Борис согласен. Одно название – король. Все же крутость царя чрезмерна.

Лопухиным пора поубавить спесь. Но зачем же всем знатным фамилиям чинит униженье? Сам резал бороды, сам на пиру у Лефорта укорачивал кафтаны, бархатные ферязи. Мало того, еще шуту своему дал ножницы – на, мол, стриги бояр как овец. Это же, из Европы смотреть, вроде публичной казни!

Жаль Борису и древних богов. Незримой нитью связаны боги с Франческой. Отречься от них, значит изменить и ей.

– Было время, боги на земле жили, – сказал Борис, любуясь телом Дианы, расцветшим среди камышей. – Омерзели им, верно, наши непотребства. И за что попы взъелись на древних богов? На мудрость их, на красоту Афродиты?

Хотел помянуть и Амора, но устыдился. Знает ли Толстой про Франческу? Поди-ка, знает…

– Да ты филозоф! – удивился боярин. – В добрый час, Борисушка! Дай бог и нам Платона!

– Не филозоф я, – отмахнулся князь. – Латынь не разумею, так куда мне! Петр Андреич, златой век истинно был или нет, как мыслишь?

– Свидетельства имеются, – ответил Толстой осторожно. – Отрицать не можем.

– Вот-вот! – встрепенулся Борис. – Они тогда и правили, боги. Семя их не иссохло же. Ирои древние суть дети богов, правда же? А от ироев пошли фамилии самые старые. Петр Андреич, может, еще и настанет златой век? А? Я считаю, то не токмо от потентатов зависит.

– От кого же?

– От лучших фамилий, – сказал Борис истово. – Без них потентат, хотя и разумный, немочен завести порядок, чтобы все по правде вершилось. Коли лучшие фамилии согласятся…

– То-то и есть! Коли согласятся… Ты филозоф, филозоф, – ласково кивал Толстой. – Государь как отлупит тебя, филозофа…

Царская дубинка грозила явственно.

Венецианские аттестации, печати с крылатым львом для царя, вишь, недостаточны. Извольте, господа стольники, учившиеся полтора года, показать, годитесь ли вы для флота! Экзамент предстоит строгий.

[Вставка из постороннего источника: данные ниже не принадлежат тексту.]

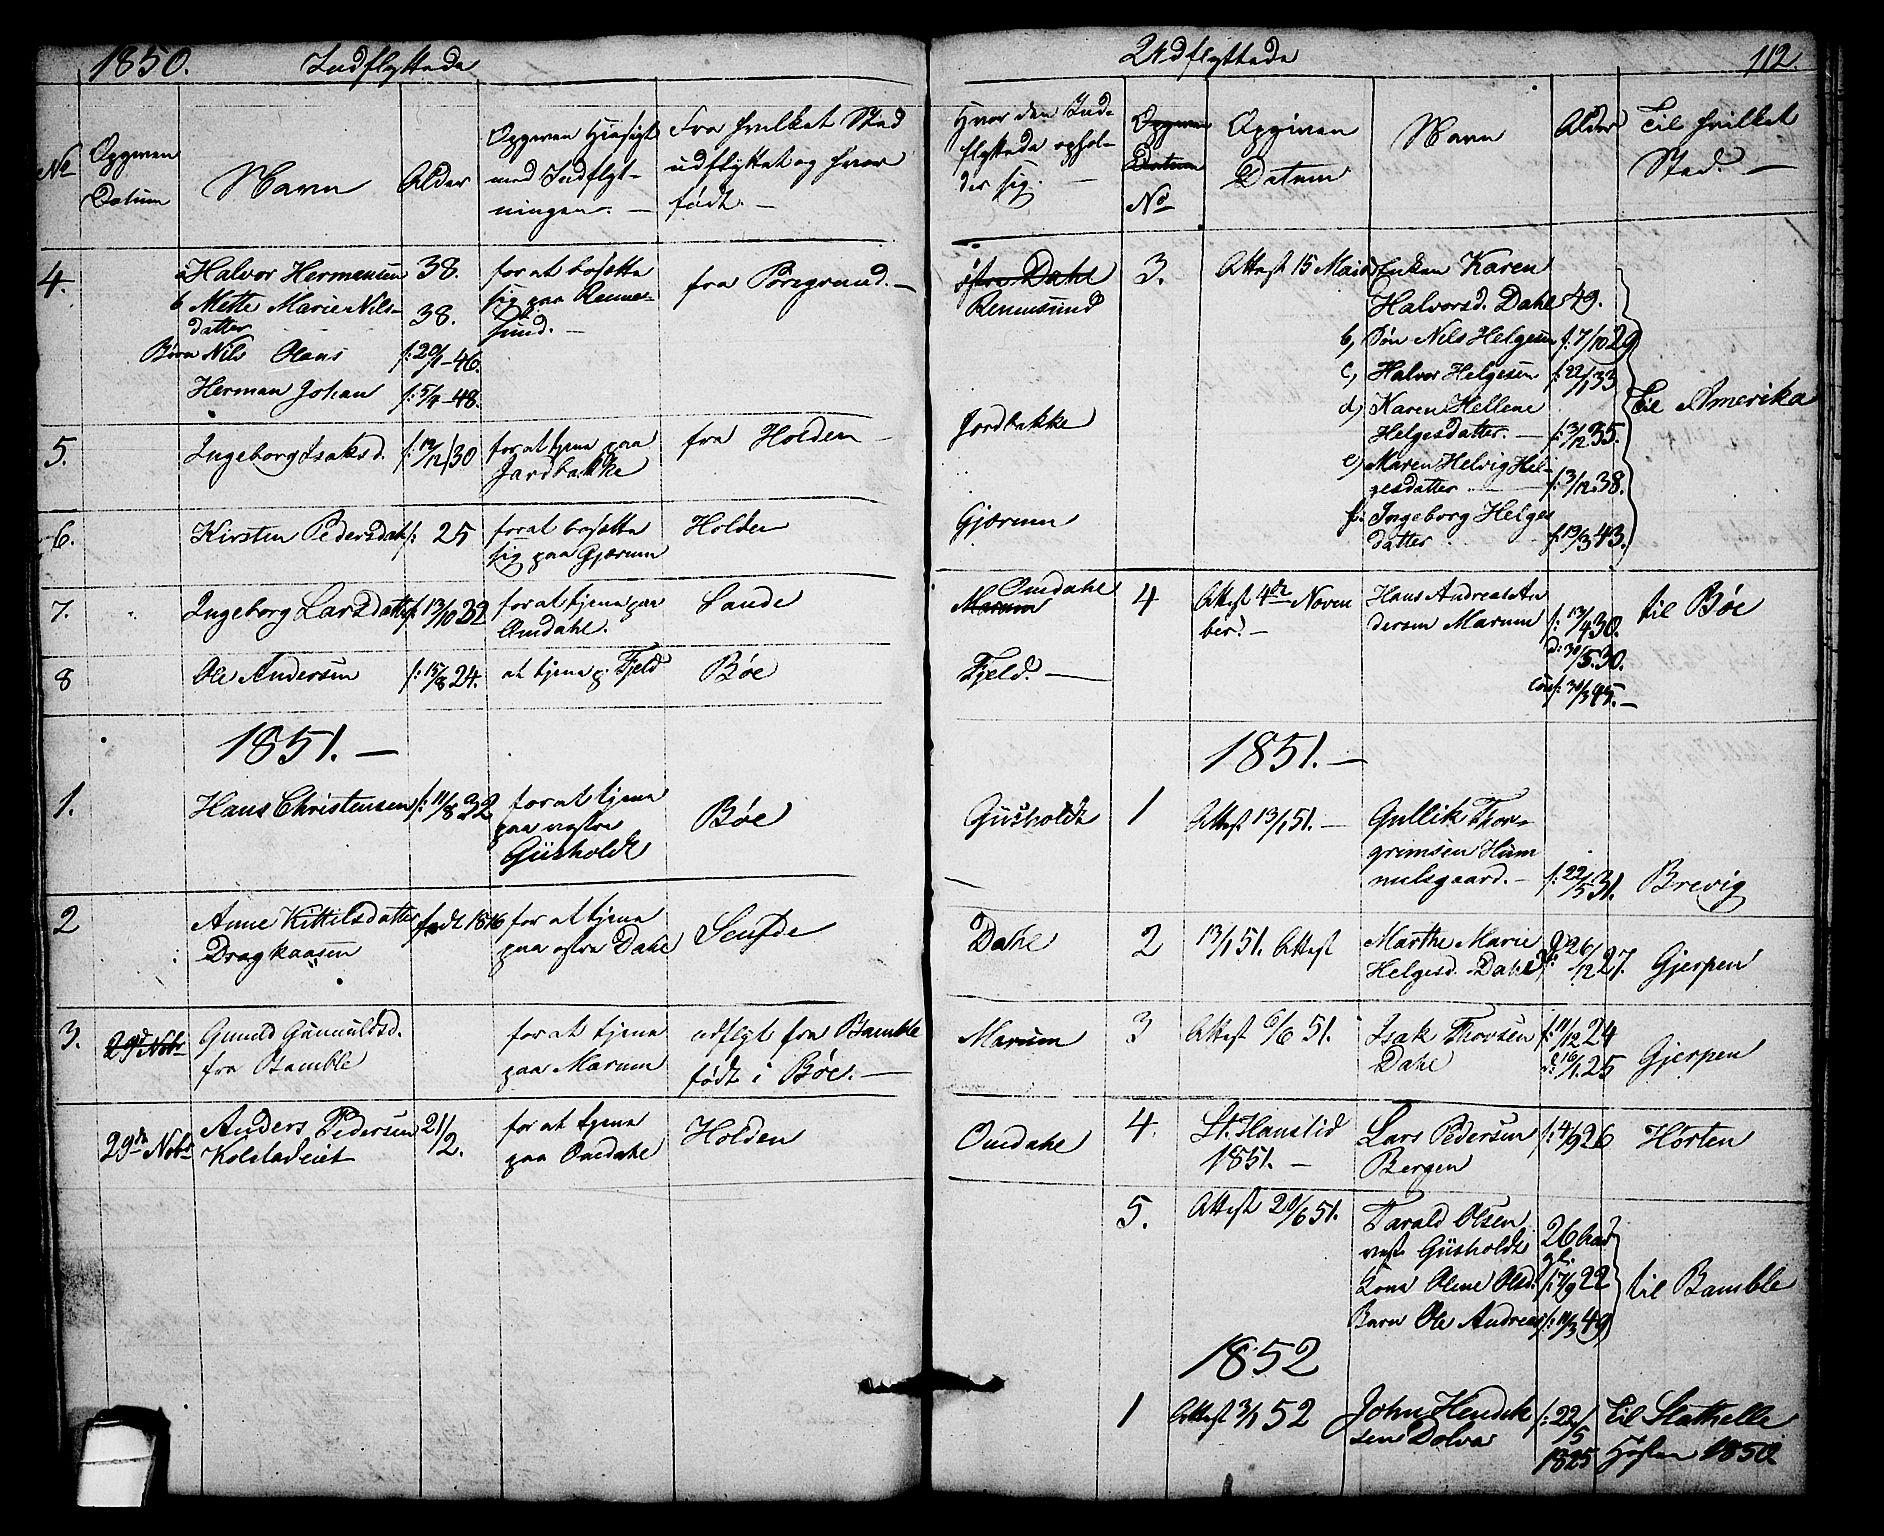 SAKO, Solum kirkebøker, G/Gb/L0001: Klokkerbok nr. II 1, 1848-1859, s. 112

Некоторые, боясь немилости, боясь службы, попрятались по именьям. Аврашка Лопухин засел в своих московских палатах, сказался больным, носа никуда не высунет. Борису внушали надежду астры.

Будь что будет…

Дом поручил Губастову, младенца Александра – кормилице. Съехал со двора, не оглянувшись. Лошади проваливались в талый снег. Дорога голубела мартовскими лужами.

Экзамент царю сдал в Воронеже, на верфи. На стапеле, под благовест топоров, падала, извивалась стружка, будто серпантин на пьяцца Сан-Марко. Видела бы Франческа своего кавалера, волосатого сквернослова, лезущего с кулаками на вора-интенданта, на подрядчика-прощелыгу, на недотепу, сломавшего пилу!

«При том свидетельстве наук, – записал Куракин в дневнике, – некоторое счастье я себе видел от его величества и от всех не так стал быть прием, как прежде того».

Летом Борис провел свой корабль донским путем к Азову. Однако идти в атаку ему не довелось.

Послы России, Польши, Венеции, цесарской земли, встретившиеся в сербском городе Карловац с дипломатами турецкими, подписали перемирие. На юго-востоке Европы война прекратилась.

А Петру перемирия мало, нужен прочный мир с султаном. Полная нужна безопасность в южных пределах.

8 августа 1700 года русское посольство, отбывшее в Константинополь на корабле «Крепость», известило царя: с Портой заключен мир на тридцать лет.

На другой день Петр двинул армию в поход. Полки шагали из Москвы на северо-запад, волоча за собой обоз из десяти тысяч телег.

То, что знали лишь Петр и ближние люди, совещавшиеся на пути из Вены с потентатом Польши и Саксонии Августом, предстало въяве.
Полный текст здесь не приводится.